_EXERCISE DETAILS_
Lower down are entries containing pictures. Copy exactly, without those pictures, the lines from the line with "Un garçon de" through the line with "LEGO Creator 31120".

_PROVIDED INFORMATION_
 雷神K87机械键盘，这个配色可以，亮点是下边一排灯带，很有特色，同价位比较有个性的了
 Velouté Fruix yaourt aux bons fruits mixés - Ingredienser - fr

==

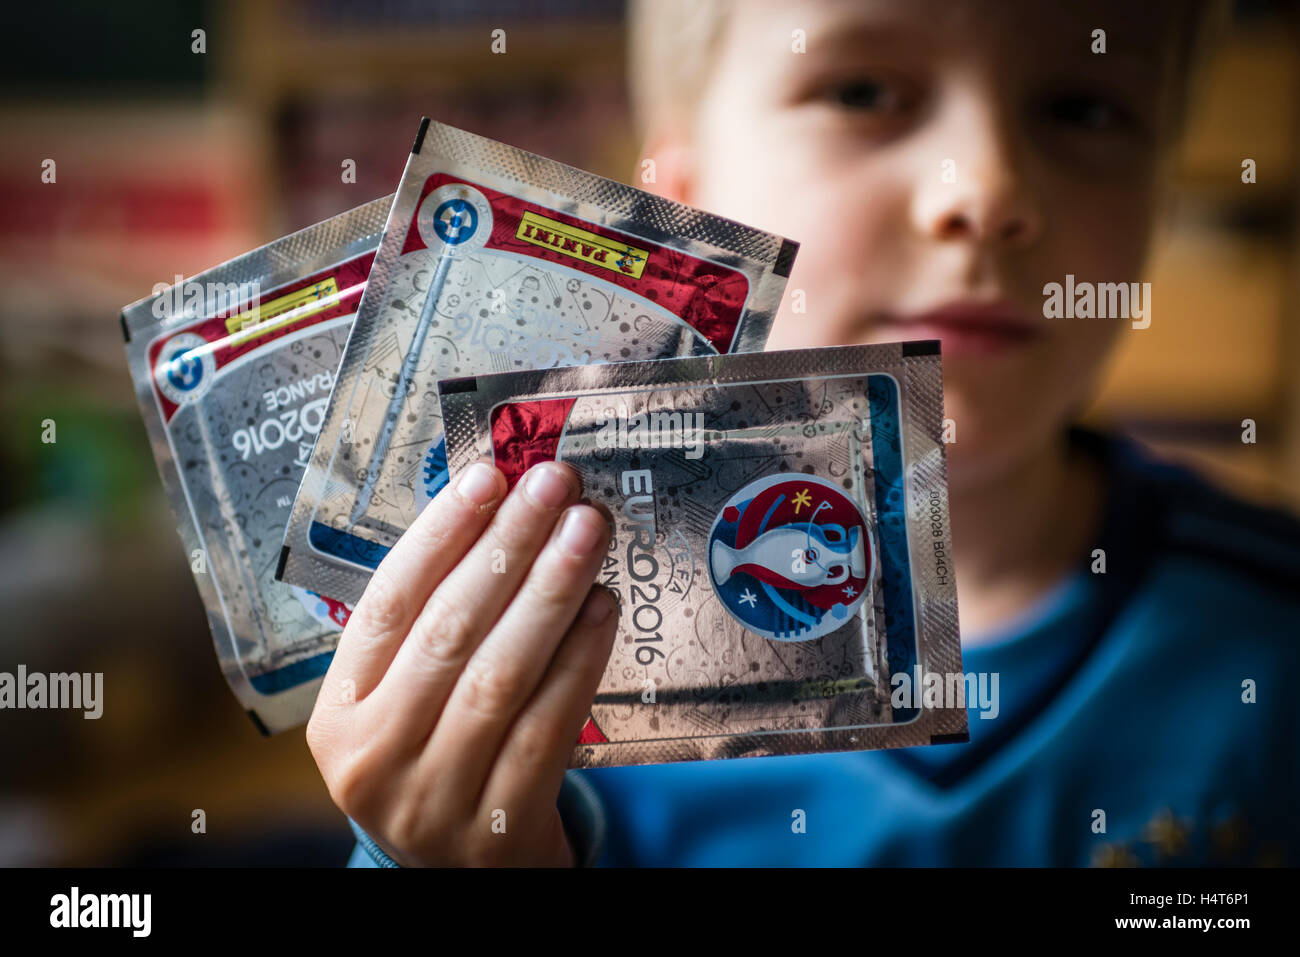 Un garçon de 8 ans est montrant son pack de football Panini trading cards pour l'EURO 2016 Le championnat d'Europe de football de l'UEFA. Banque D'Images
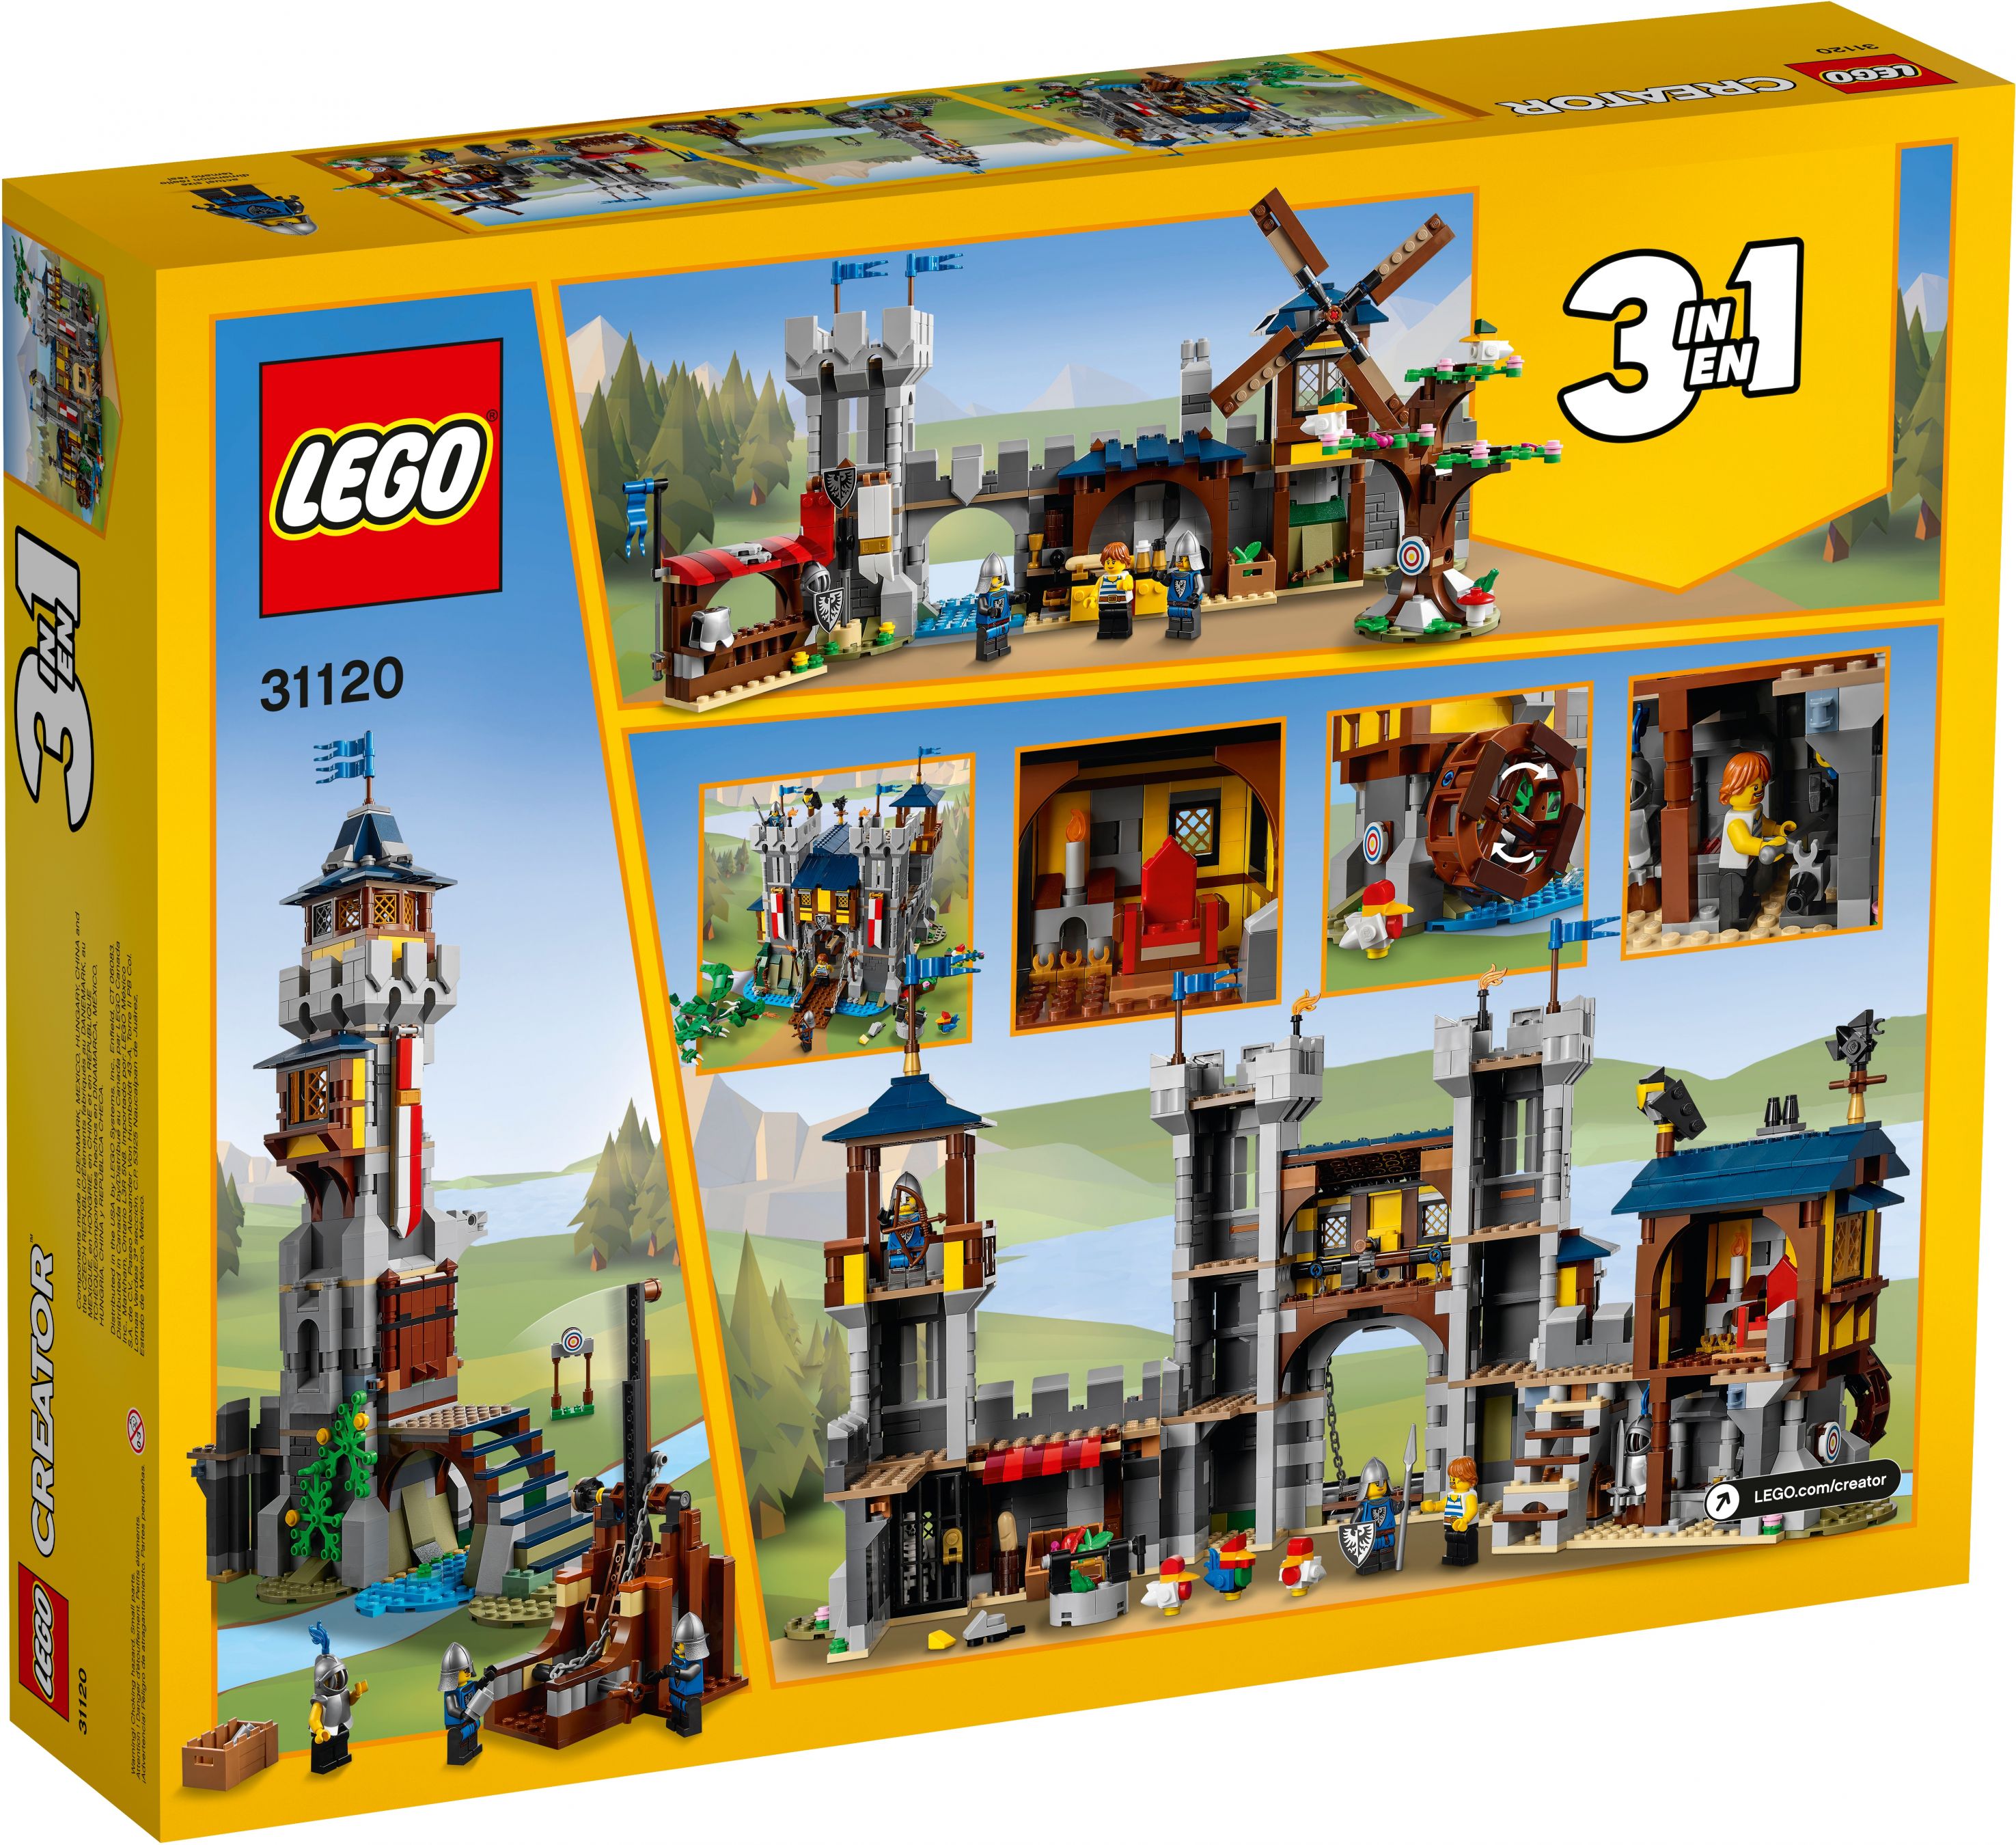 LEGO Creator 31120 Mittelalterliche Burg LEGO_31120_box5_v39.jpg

...

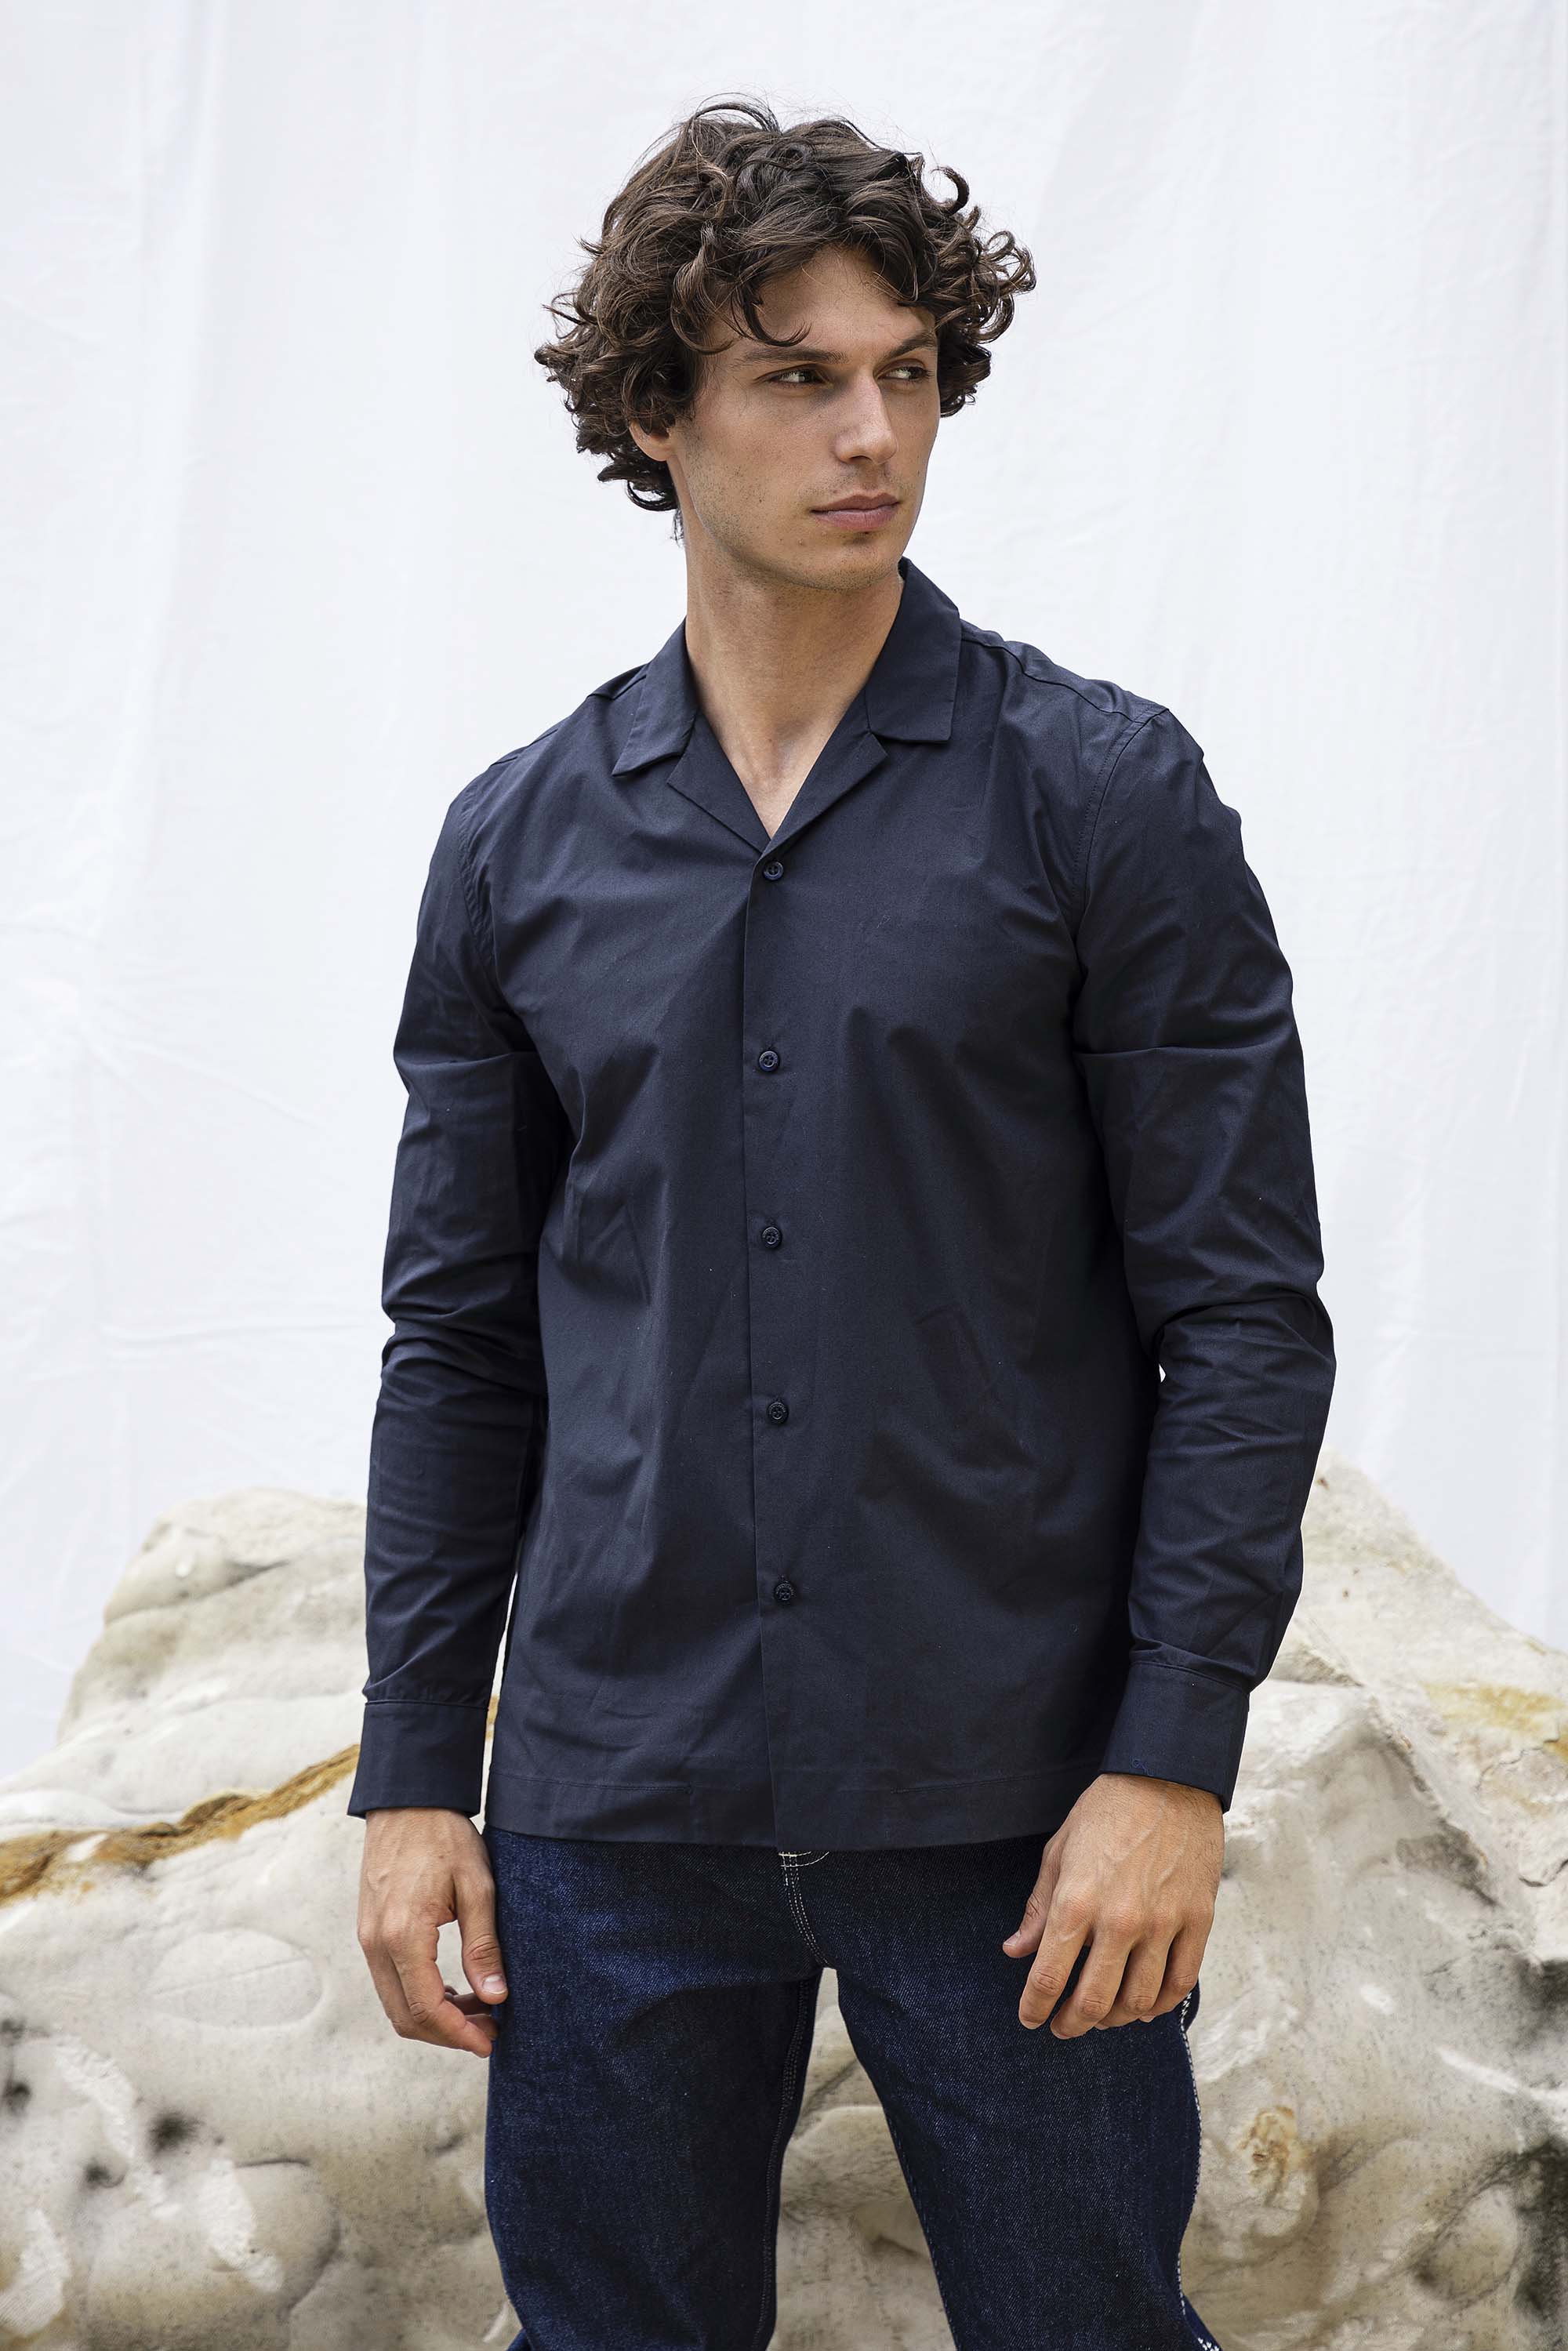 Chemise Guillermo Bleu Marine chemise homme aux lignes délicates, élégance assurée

_YOUR SOLUTION_
 Un garçon de 8 ans est montrant son pack de football Panini trading cards pour l'EURO 2016 Le championnat d'Europe de football de l'UEFA. Banque D'Images
 LEGO Creator 31120 Mittelalterliche Burg LEGO_31120_box5_v39.jpg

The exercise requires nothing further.